2. Secrecy indeed greases the wheels of compromise. The vast majority of civil suits settle before a verdict, typically before there’s even a trial. Forcing corporate defendants (or, for that matter, individual defendants) to litigate entirely in public would reduce incentives to settle cases and potentially could clog the courts. So argues Victor Schwartz, a prominent Washington-based business attorney with the law firm Shook, Hardy & Bacon. In an op-ed published in USA Today, Schwartz also points out that many personal injury lawyers “do not want the public to know information about their clients’ personal lives any more than defendants want to disclose the amount of money they paid plaintiffs.” All true, but it’s not the last word.

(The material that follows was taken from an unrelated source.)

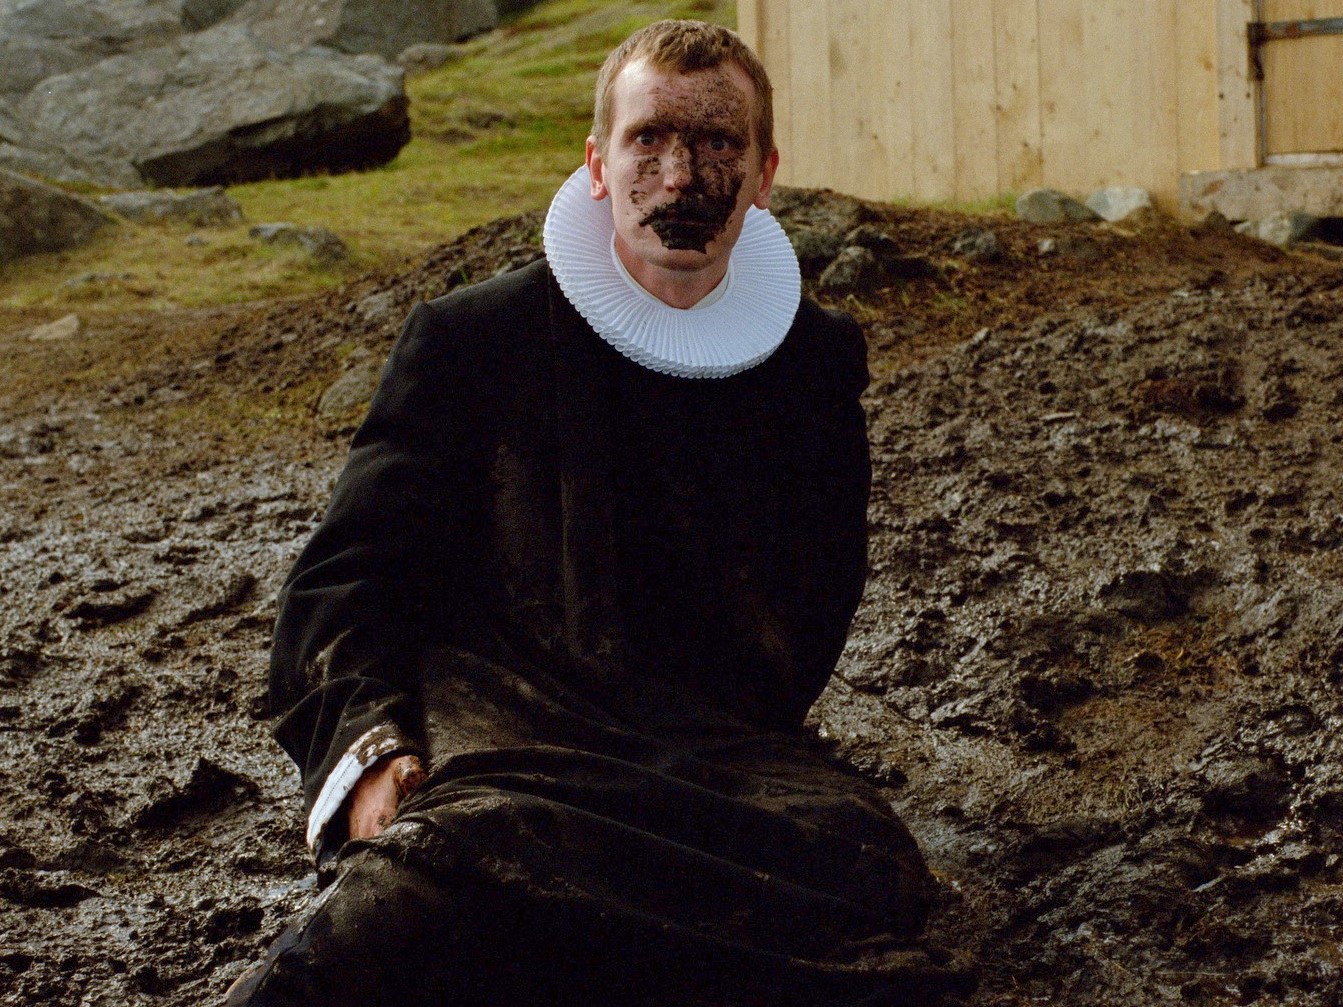 Elliott Crosset Hove as Lucas in Godland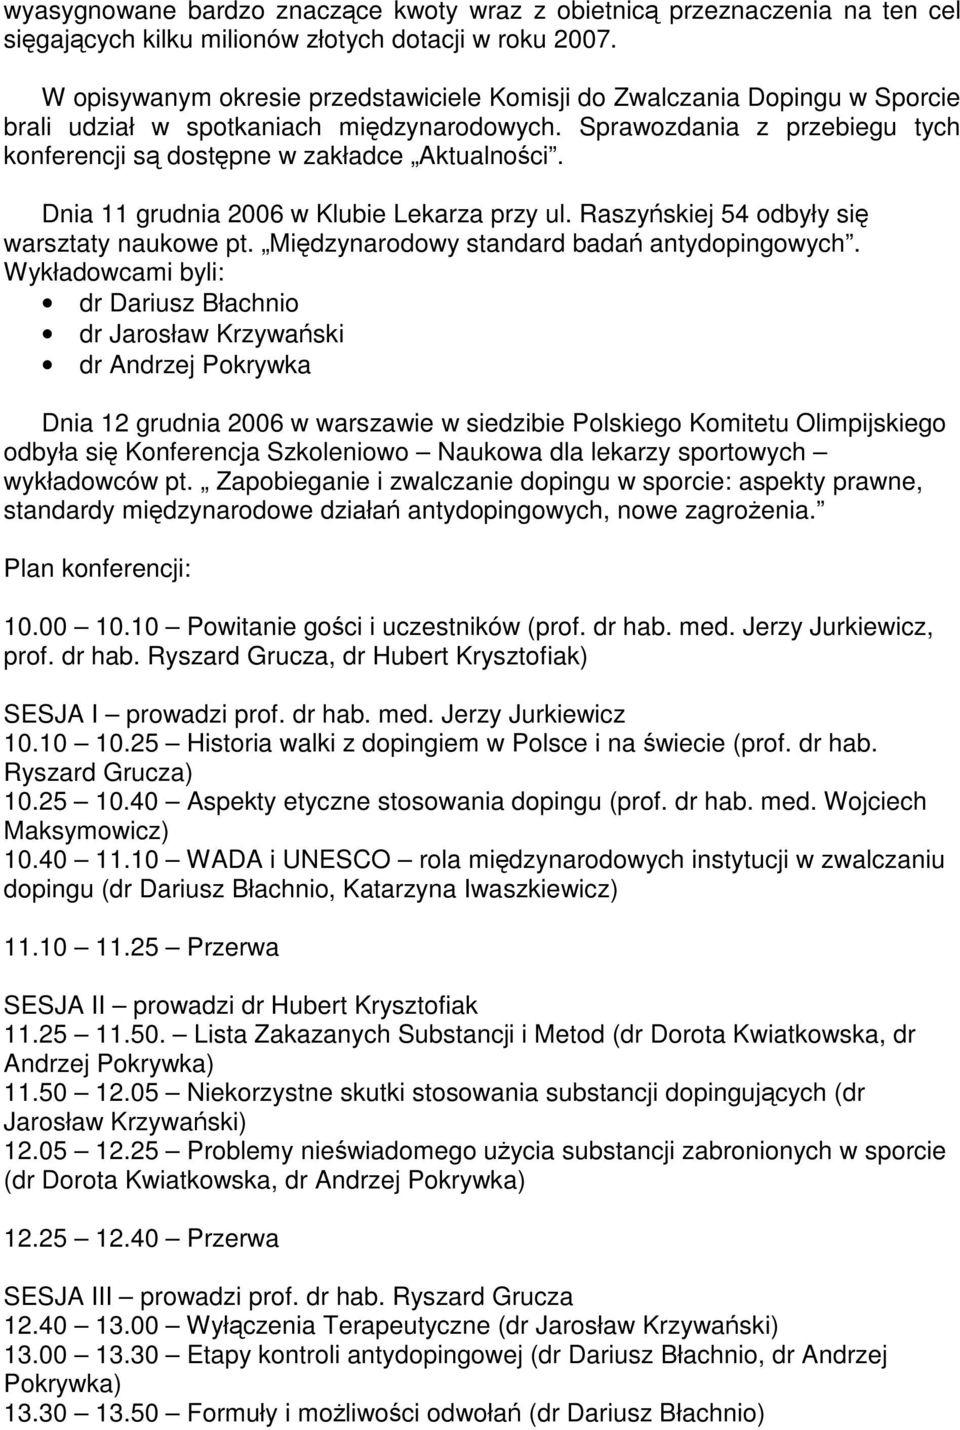 Dnia 11 grudnia 2006 w Klubie Lekarza przy ul. Raszyskiej 54 odbyły si warsztaty naukowe pt. Midzynarodowy standard bada antydopingowych.

If plaintiffs want to retain anonymity, they should not use the public court system to seek compensation for their injuries. If defendants cannot get a lawsuit thrown out, as frivolous, at the motion-to-dismiss stage, they should not automatically get to cloak information sought in the pretrial “discovery” phase, at least not when it implicates the public welfare. The formula to Coke (KO)? Sure, that’s a trade secret worthy of protection, and the rest of us don’t need to know it. The memo explaining what’s wrong with the ignition switch that mysteriously shuts down a car at 60 miles an hour on a highway? No, that should come out.

3. The Sunshine Litigation Act moves in the right direction. The bill, introduced in May by Sens. Richard Blumenthal (D-Conn.) and Lindsey Graham (R-S.C.), would require federal judges to consider the public interest before granting requests to seal court records in cases involving health and safety. “GM’s recent legal maneuvering, reaching secret settlements, shows why this legislation is essential,” Blumenthal said in a written statement. “This legislation would have enabled people to be aware of the threats to safety posed by the faulty ignition switches and deaths could have been prevented.”

4. Don’t hold your breath for enactment. Similar legislation got through the Senate Judiciary Committee in 2011, with bipartisan support. In the face of stiff opposition from business interests–and some federal judges who didn’t want Congress telling them what to do–the bill failed to reach the Senate floor. Schwartz and other business advocates will return to the trenches to fight this year’s version. They have some good arguments, but ultimately not arguments that should prevail. Perhaps the GM debacle will cause more lawmakers of both parties to reconsider the courts’ penchant for secrecy.